O nacht, jij hebt verbonden
Geliefde met geliefde,
geliefde in de Geliefde omgevormd!
6. Aan mijn borst in bloei,
geheel voor hem alleen bewaard,
daar bleef hij ingeslapen
en ik streelde hem
en de waaier van ceders gaf wind.
7. De wind van de tinne,
toen ik door zijn haren streek,
trof met haar hand
sereen mijn hals
en vervoerde al mijn zinnen.
8. Ik bleef zelfvergeten,
vlijend het gelaat over de Geliefde,
alles week en ik liet mij,
latend mijn schroom
tussen de leliën vergeten.
(Gedicht en vertaling haal ik van de site Spirin. Daar is ook een volledige uitleg te vinden van het gedicht.)
Een aantal jaren geleden bezochten wij Segovia, alwaar zich het graf bevindt van Juan de la Cruz. In een aparte kapel, in het Klooster van de Ongeschoeide Karmelieten.

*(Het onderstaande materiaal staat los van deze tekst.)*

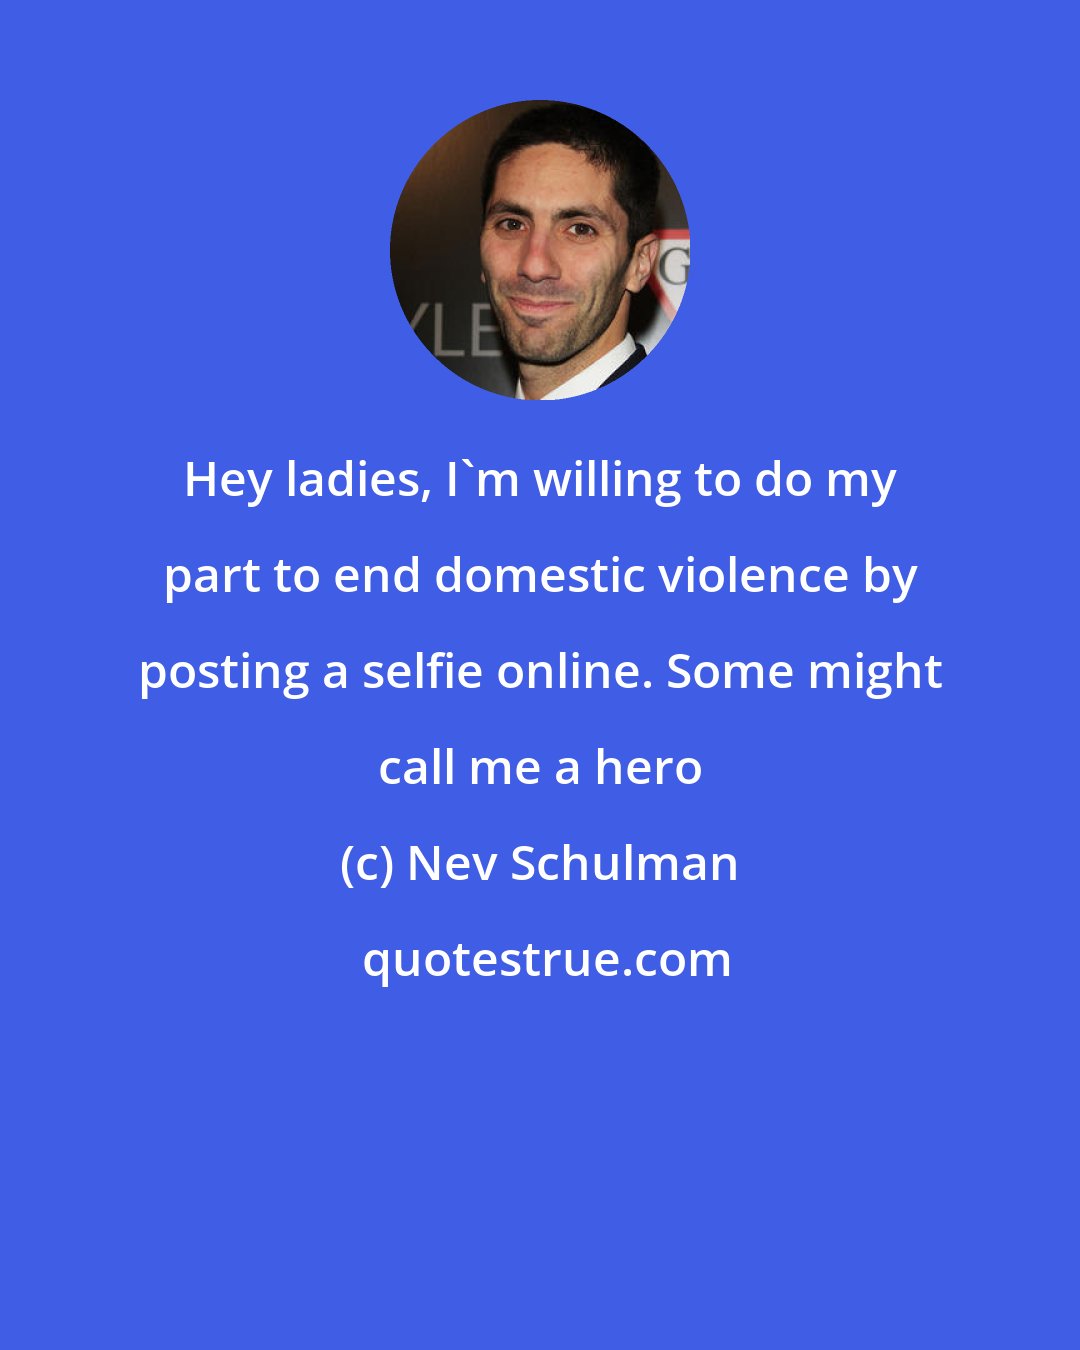 Nev Schulman: Hey ladies, I'm willing to do my part to end domestic violence by posting a selfie online. Some might call me a hero
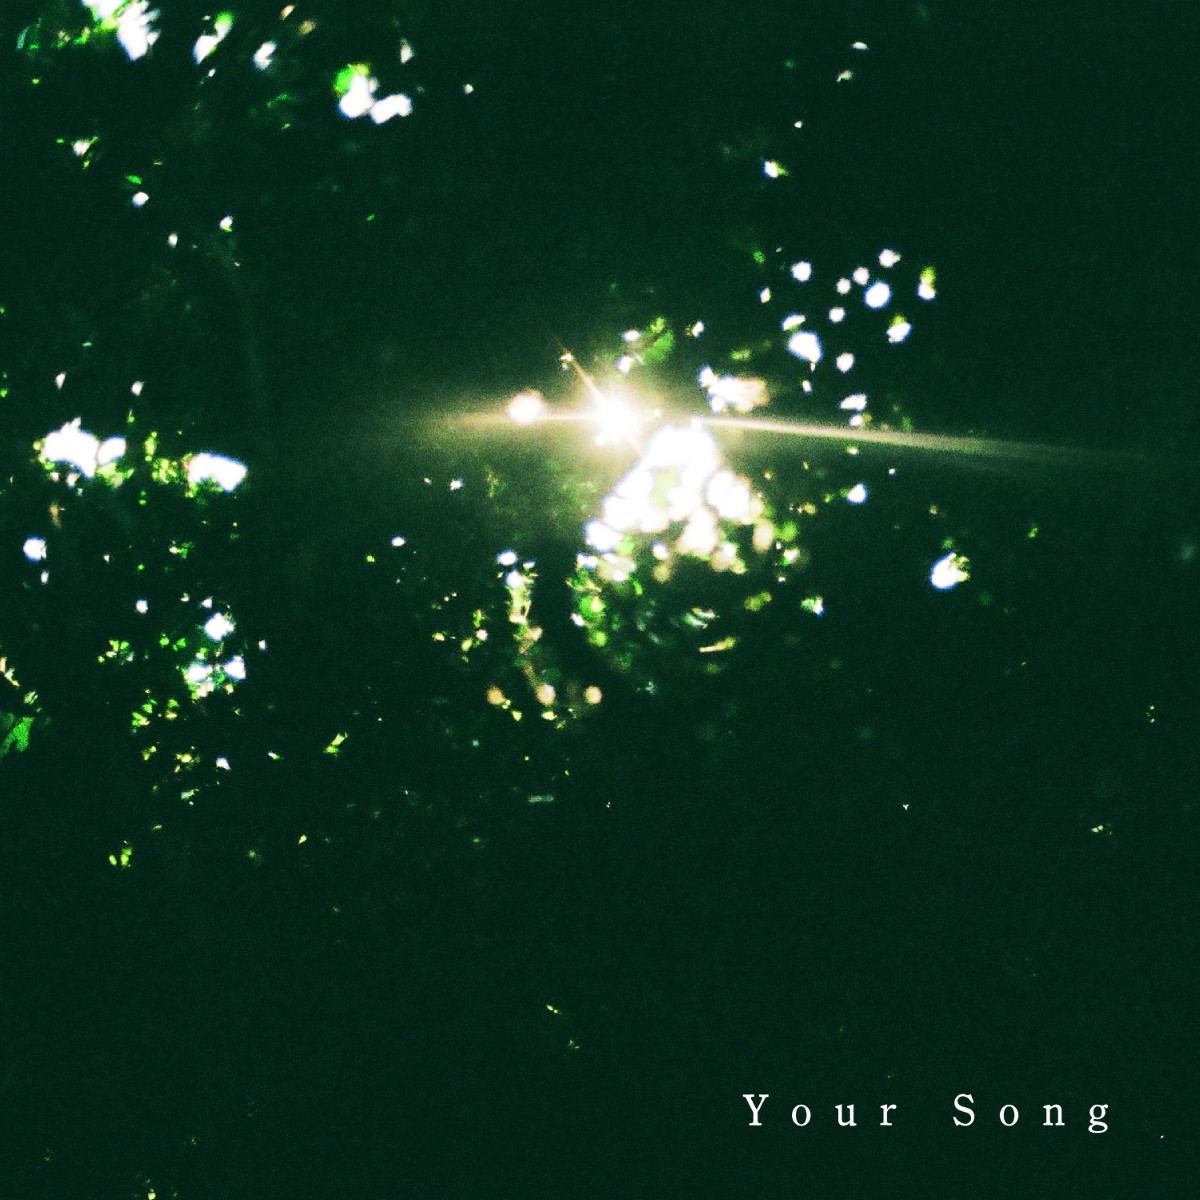 「Your Song」

Na dit 'poëtisch-mystieke uitstapje' keer ik terug naar Enomiya-Lasalle:
Voor het begrip mystiek verwijst hij naar Carl Albrecht, die een boek schreef over het Mystiek Bewustzijn. Albrecht deed dat vanuit eigen ondervinding met het schouwende leven, en vanuit zijn kennis als arts.
Carl Albrecht (1902-1965)
Boek: Meditation als weg zur gotteserfahurung.
Lasalle legt het mystieke zelf als volgt uit:
Oude gebedsmethoden werken niet meer, bijvoorbeeld vanwege de bijbelexegese; mensen kunnen eenvoudig niet meer letterlijk nemen wat er geschreven staat.
In het christendom zijn we, zoals al gezegd, vertrouwd met de zogenaamde intentionele meditatie, maar de meditatie van niet-christelijke oorsprong gebruikt andere methoden.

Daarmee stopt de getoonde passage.